I noticed this line which is specific to debian systems

but it's not applied for versions < 21 . See here

patching the easyblock like this also workarounds the issue but to be honest I am not sure what would be the right fix

 diff -ru /scicore/soft/easybuild/apps/EasyBuild/4.9.1/lib/python3.10/site-packages/easybuild/easyblocks/n/nvhpc.py ~/tmp/nvhpc.py
--- /scicore/soft/easybuild/apps/EasyBuild/4.9.1/lib/python3.10/site-packages/easybuild/easyblocks/n/nvhpc.py   2024-04-17 11:23:00.892718404 +0200
+++ /scicore/home/scicore/easybuild/tmp/nvhpc.py        2024-04-17 12:51:54.115386938 +0200
@@ -54,9 +54,6 @@
 # contents for siterc file to make PGI/NVHPC pick up $LIBRARY_PATH
 # cfr. https://www.pgroup.com/support/link.htm#lib_path_ldflags
 SITERC_LIBRARY_PATH = """
-# get the value of the environment variable LIBRARY_PATH
-variable LIBRARY_PATH is environment(LIBRARY_PATH);
-
 # split this value at colons, separate by -L, prepend 1st one by -L
 variable library_path is
 default($if($LIBRARY_PATH,-L$replace($LIBRARY_PATH,":", -L)));
@@ -188,12 +185,11 @@
                 if os.path.islink(path):
                     os.remove(path)

-        if LooseVersion(self.version) < LooseVersion('21.3'):
-            # install (or update) siterc file to make NVHPC consider $LIBRARY_PATH
-            siterc_path = os.path.join(compilers_subdir, 'bin', 'siterc')
-            write_file(siterc_path, SITERC_LIBRARY_PATH, append=True)
-            self.log.info("Appended instructions to pick up $LIBRARY_PATH to siterc file at %s: %s",
-                          siterc_path, SITERC_LIBRARY_PATH)
+        # install (or update) siterc file to make NVHPC consider $LIBRARY_PATH
+        siterc_path = os.path.join(compilers_subdir, 'bin', 'siterc')
+        write_file(siterc_path, SITERC_LIBRARY_PATH, append=True)
+        self.log.info("Appended instructions to pick up $LIBRARY_PATH to siterc file at %s: %s",
+                      siterc_path, SITERC_LIBRARY_PATH)

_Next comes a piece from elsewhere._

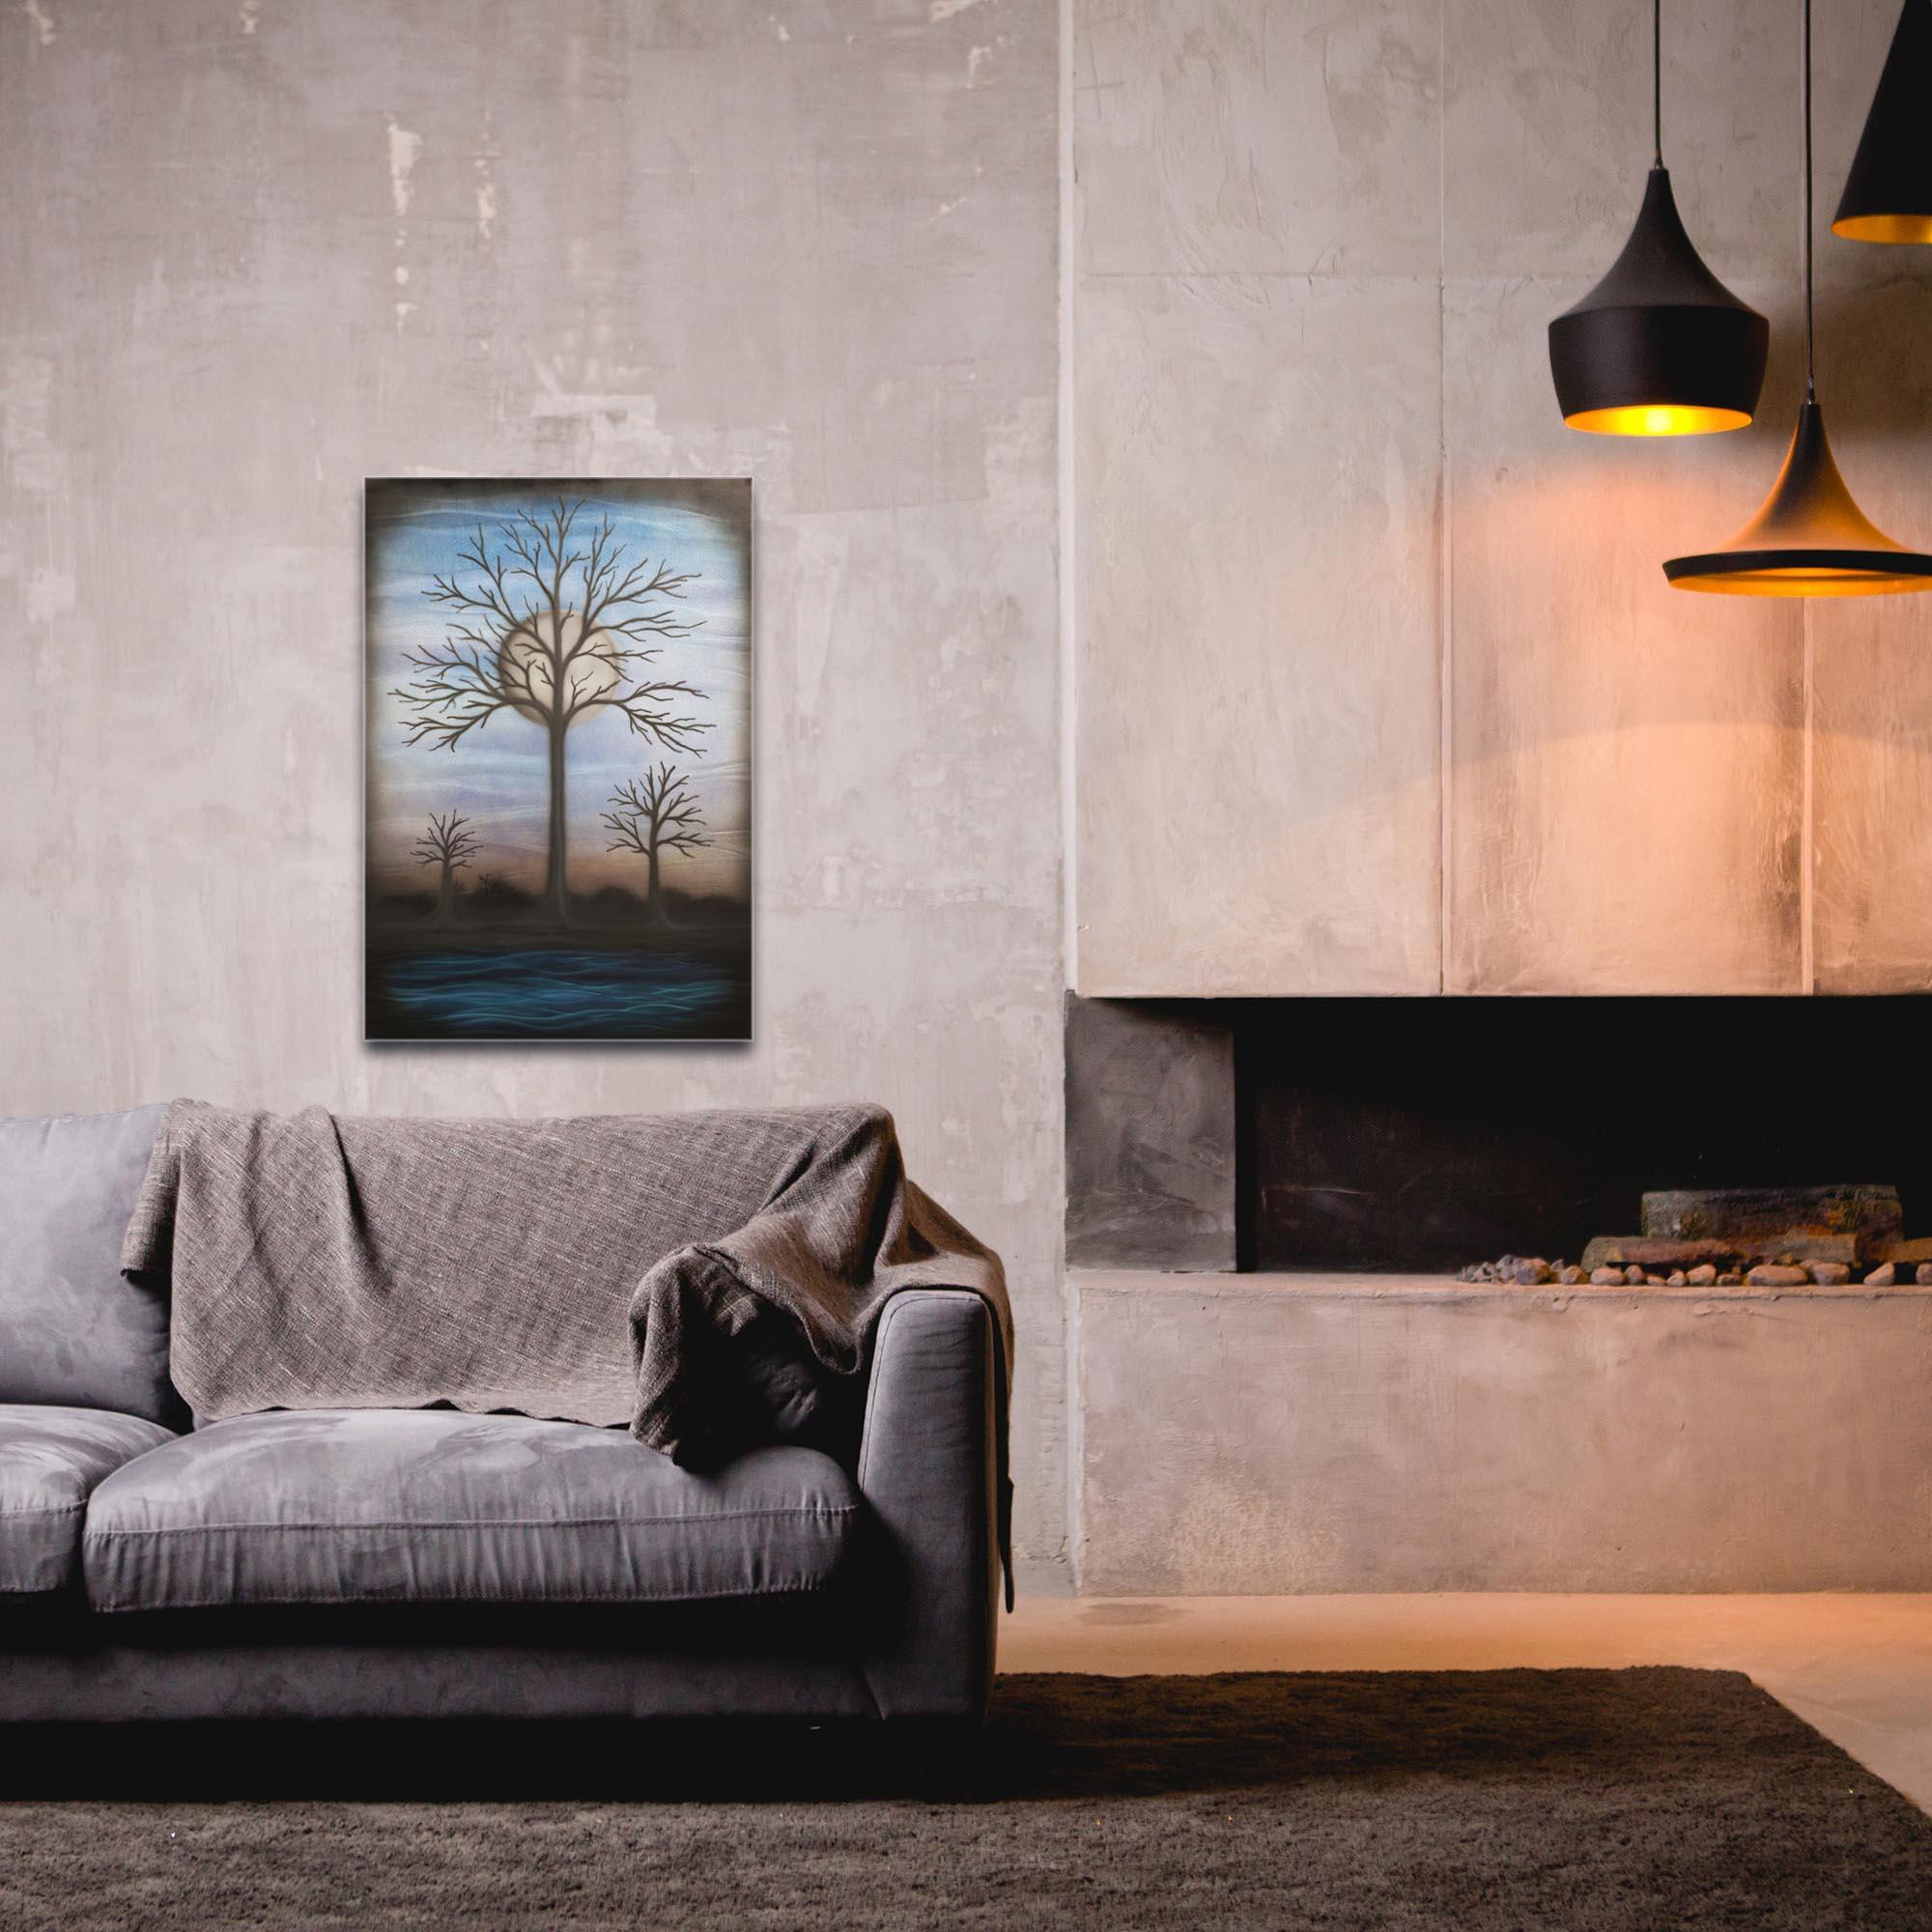 Contemporary Wall Art 'Full Moon' - Bare Trees Decor on Metal or Plexiglass - Image 3

         # The cuda nvvp tar file has broken permissions
         adjust_permissions(self.installdir, stat.S_IWUSR, add=True, onlydirs=True)
pescobar commented 6 months ago

To summarize, the problem is that debian systems need to have folder /usr/lib/x86_64-linux-gnu/ in env var LIBRARY_PATH. This is needed to compile the example in the sanity_check step and also to build any other easyconfig using the nvhpc toolchain

possible solutions are:

allow_append_abs_path = True
modextrapaths = {
    'LD_LIBRARY_PATH':  'Linux_%(arch)s/%(version)s/compilers/extras/qd/lib/',
    'LIBRARY_PATH':  'Linux_%(arch)s/%(version)s/compilers/extras/qd/lib/'
    }

modextrapaths_append = {
    'LD_LIBRARY_PATH':  '/usr/lib/x86_64-linux-gnu',
    'LIBRARY_PATH':  '/usr/lib/x86_64-linux-gnu'
    }
akesandgren commented 2 weeks ago

The correct fix, in my opinion, is to make makelocalrc add

set DEFLIBDIR=/usr/lib/x86_64-linux-gnu;

using this patch in the easyconfig file.

--- nvhpc_2024_241_Linux_x86_64_cuda_multi.orig/install_components/Linux_x86_64/24.1/compilers/bin/makelocalrc  2024-01-26 20:59:25.000000000 +0100
+++ nvhpc_2024_241_Linux_x86_64_cuda_multi/install_components/Linux_x86_64/24.1/compilers/bin/makelocalrc       2024-10-14 12:50:21.607908725 +0200
@@ -394,8 +394,9 @@
     fi
   done

+  os_like=$(grep ID_LIKE /etc/os-release | cut -d= -f2 | sed -e 's/"//g' | cut -d\  -f1)
   # DEFLIBDIR
-  if [ "${arch}" != "Linux_x86_64" ]; then
+  if [ "${arch}" != "Linux_x86_64" -o "${os_like}" = "debian" ]; then
     print_line "set DEFLIBDIR=${DEFLIBDIR};"
   fi